The socket syscall is filtered to block:

  • AF_NETLINK (16) - Access to kernel netlink interfaces (nf_tables, CVE-2024-1086)
  • SOCK_RAW (3) - Raw packet access (can craft arbitrary packets)

Allowed socket types:

  • AF_UNIX (1) - Local IPC (Python multiprocessing, etc.)
  • AF_INET/AF_INET6 (2, 10) - Network (Landlock controls actual access)

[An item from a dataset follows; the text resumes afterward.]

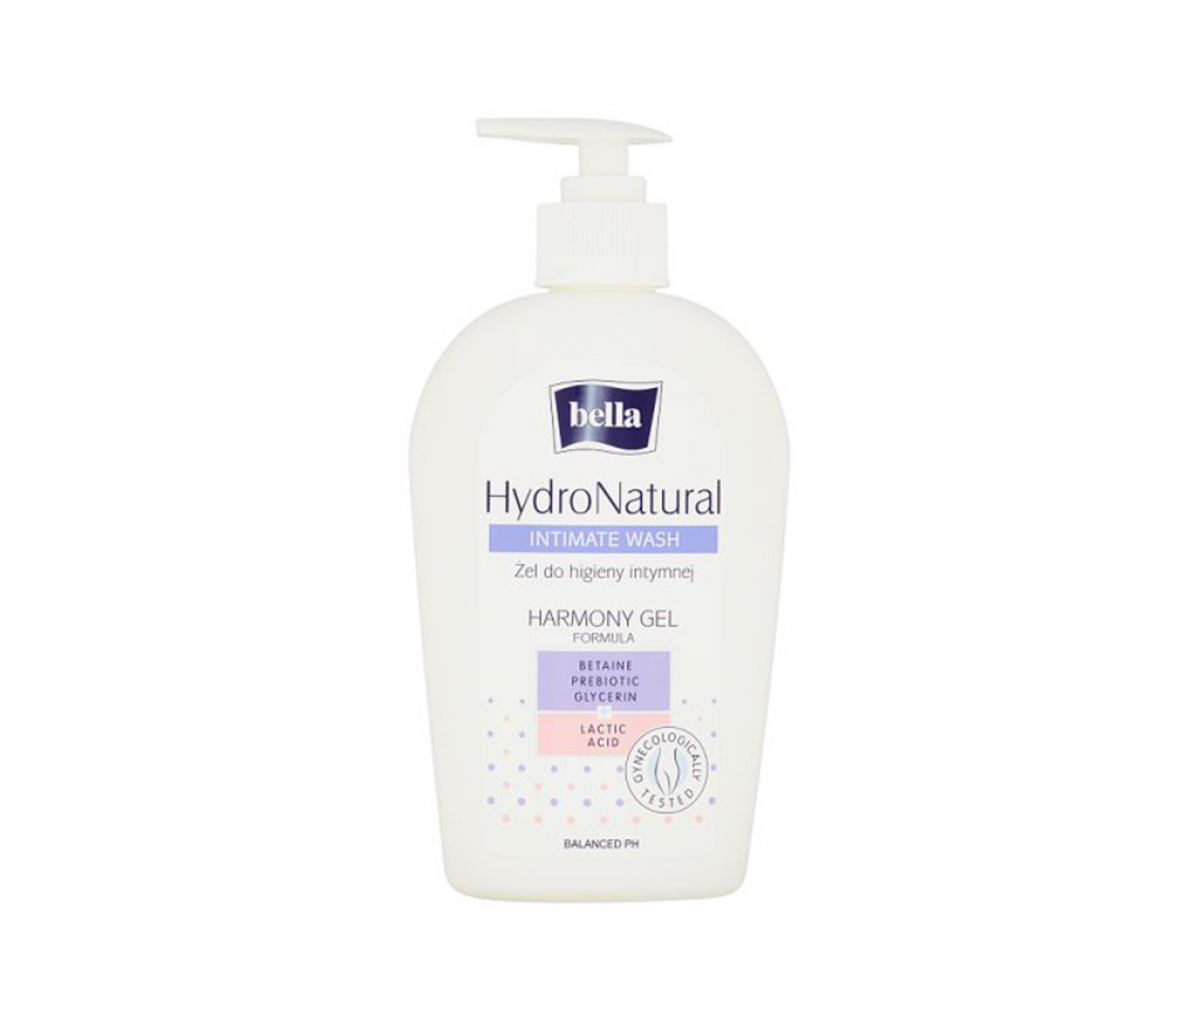 TZMO HydroNatural Intimate Wash

§Removed Dangerous Syscalls

  • memfd_create + execveat - Enables fileless execution (bypass Landlock)
  • setresuid/setresgid - No reason to change UID in sandbox
  • setsid/setpgid - Session manipulation, unnecessary
  • ioctl - Too powerful without argument filtering (TODO: whitelist specific codes)

§Security Notes

  • Filter is permanent - cannot be removed once applied
  • Requires PR_SET_NO_NEW_PRIVS first
  • Blocked syscall = immediate process termination (SIGSYS)
  • kill/tgkill are safe because we use PID namespace (CLONE_NEWPID)
  • prctl allowed but PR_SET_SECCOMP has no effect (filter already applied)

Structs§

SockFilter
SockFprog

Constants§

DEFAULT_WHITELIST
Syscalls allowed in the sandbox.

Functions§

build_whitelist_filter
Builds a BPF filter with clone and socket argument filtering.
seccomp_available
Returns true if seccomp is available.
seccomp_set_mode_filter
Applies a seccomp-BPF filter to the current thread.